When you reach the line containing "Una línea de", start transcribing exactly and continue through the last line of the data, skipping every picture.
====== Material supplied
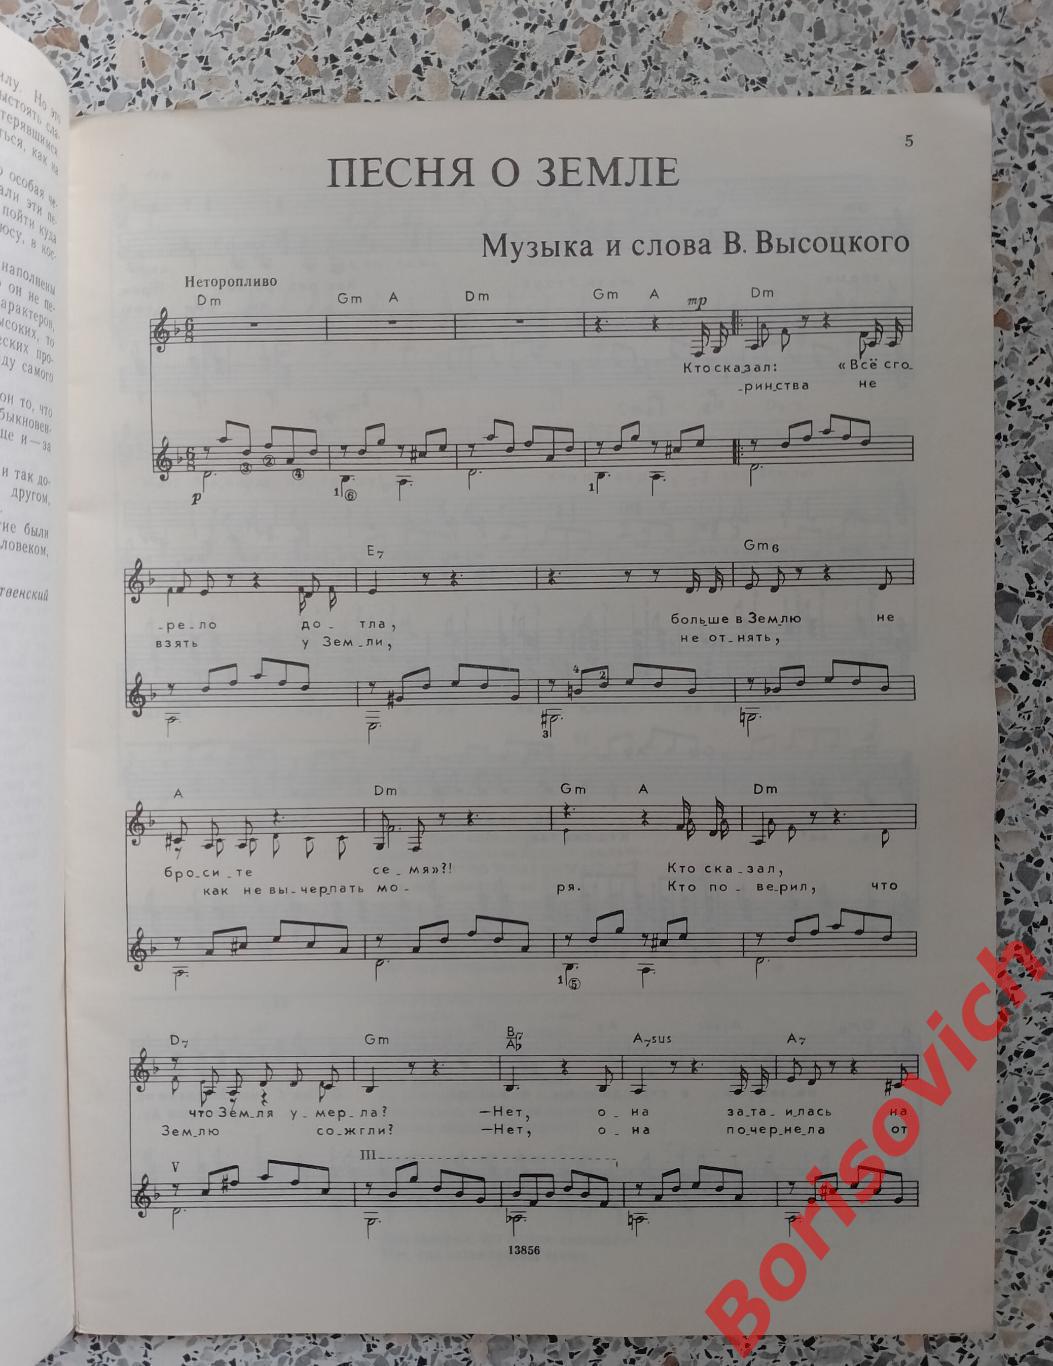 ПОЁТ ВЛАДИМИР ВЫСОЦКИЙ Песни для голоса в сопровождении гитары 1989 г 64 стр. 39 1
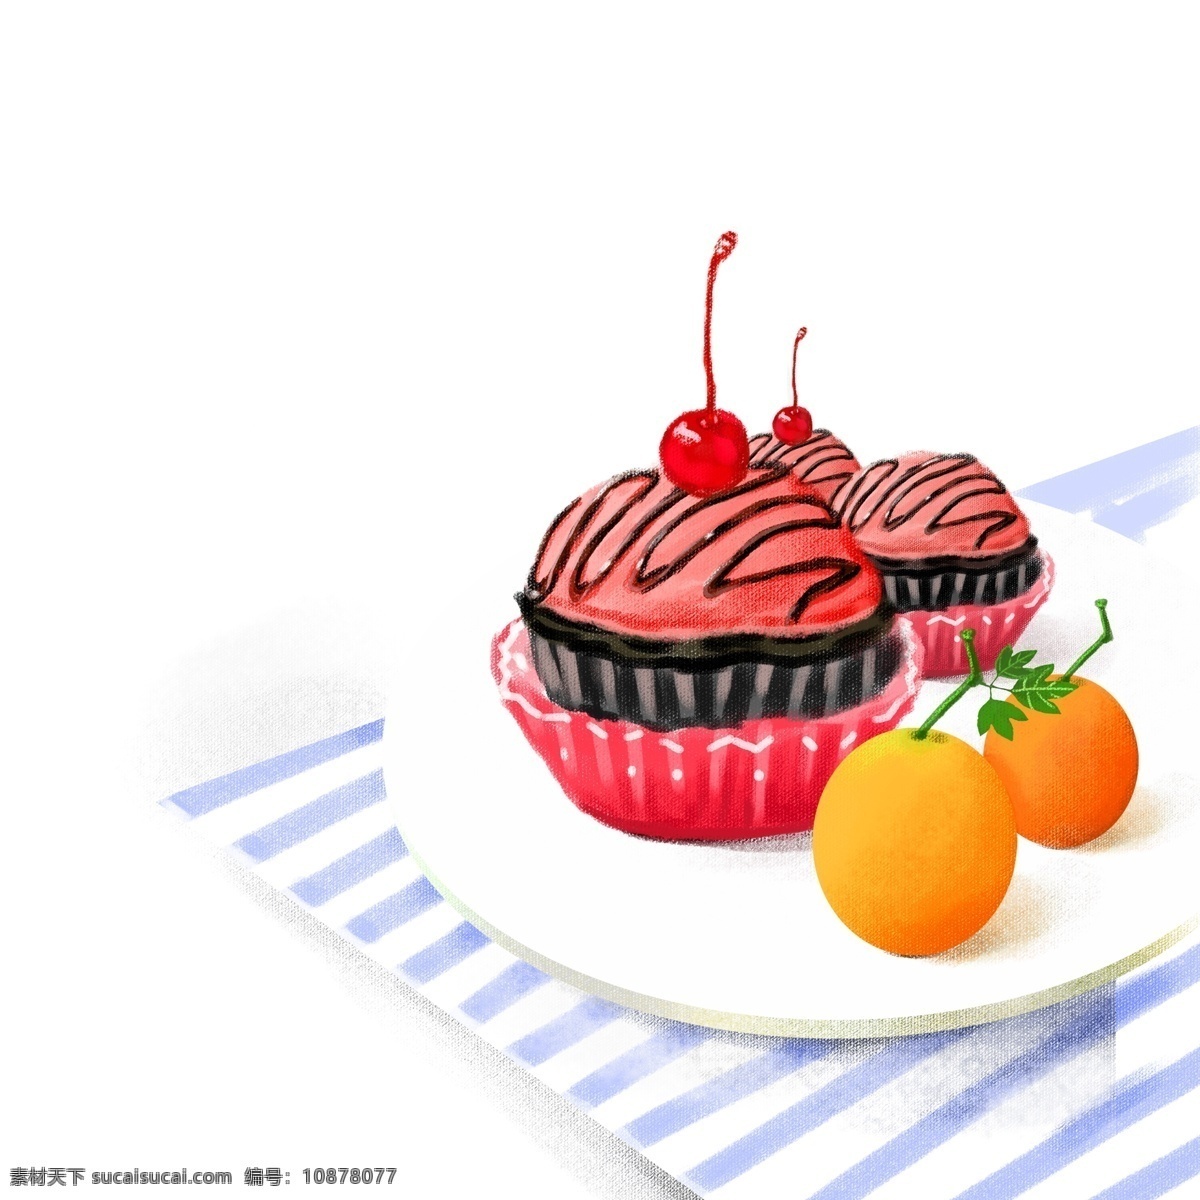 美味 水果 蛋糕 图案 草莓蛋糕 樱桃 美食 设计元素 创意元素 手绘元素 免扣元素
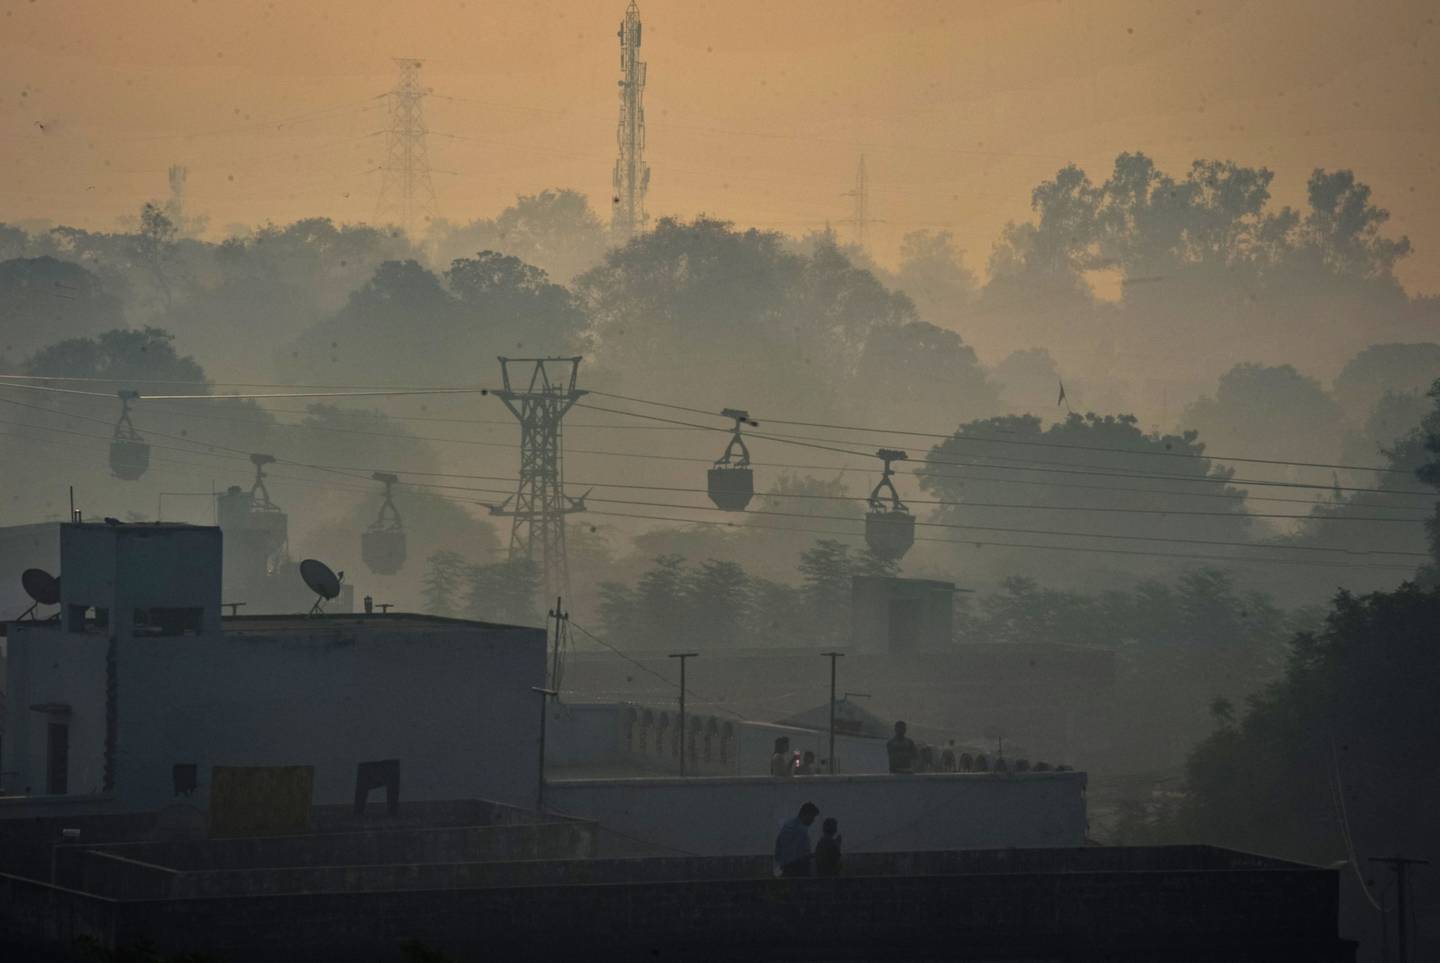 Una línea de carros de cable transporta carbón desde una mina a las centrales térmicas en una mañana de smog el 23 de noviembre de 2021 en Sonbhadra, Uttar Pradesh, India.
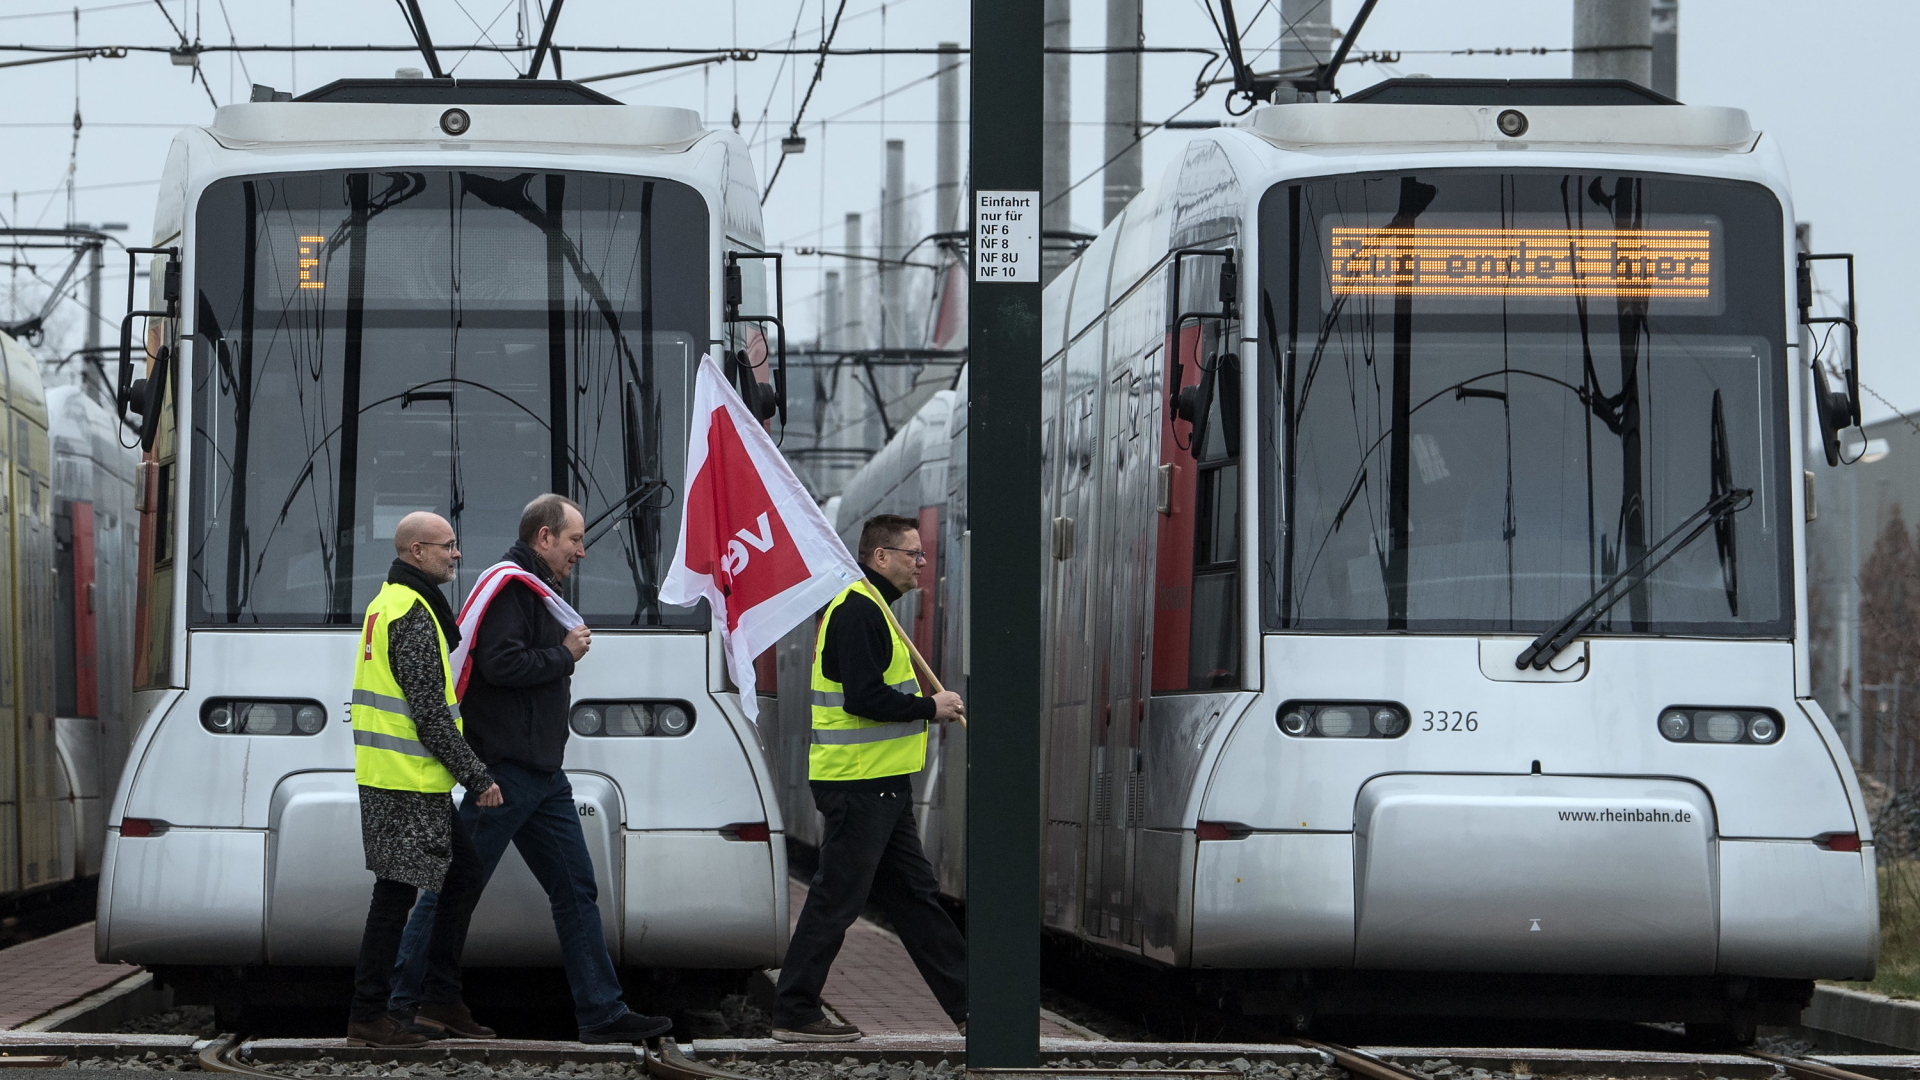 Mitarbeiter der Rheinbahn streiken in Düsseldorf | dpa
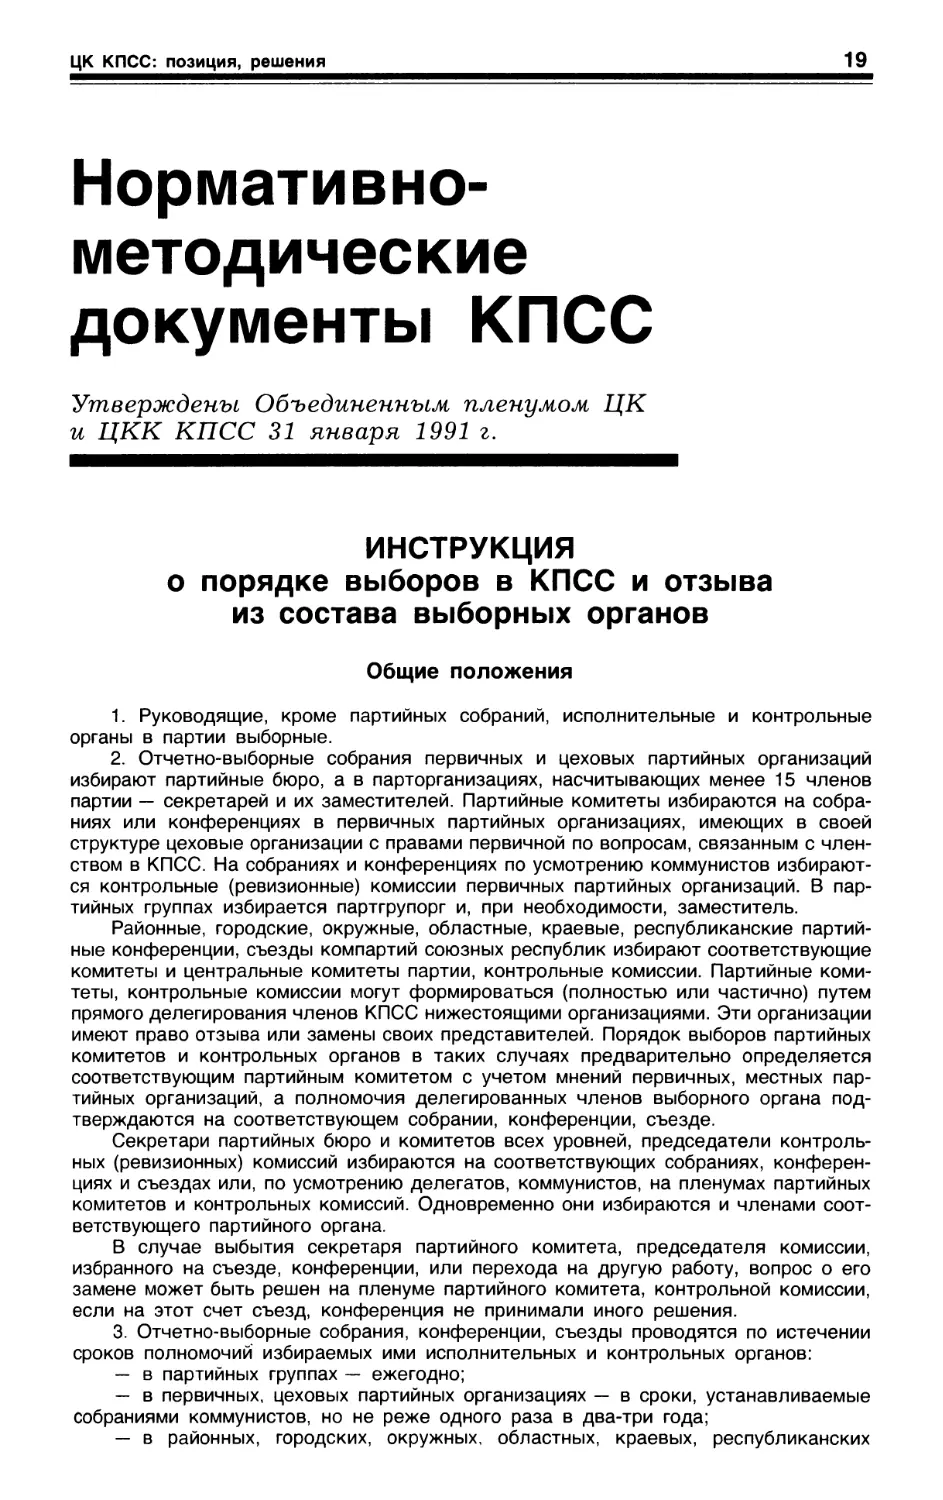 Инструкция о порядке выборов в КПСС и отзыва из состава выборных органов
============
• **Solution**:
 Una línea de carros de cable transporta carbón desde una mina a las centrales térmicas en una mañana de smog el 23 de noviembre de 2021 en Sonbhadra, Uttar Pradesh, India.
 Mitarbeiter der Rheinbahn streiken in Düsseldorf | dpa
 Инструкция о порядке выборов в КПСС и отзыва из состава выборных органов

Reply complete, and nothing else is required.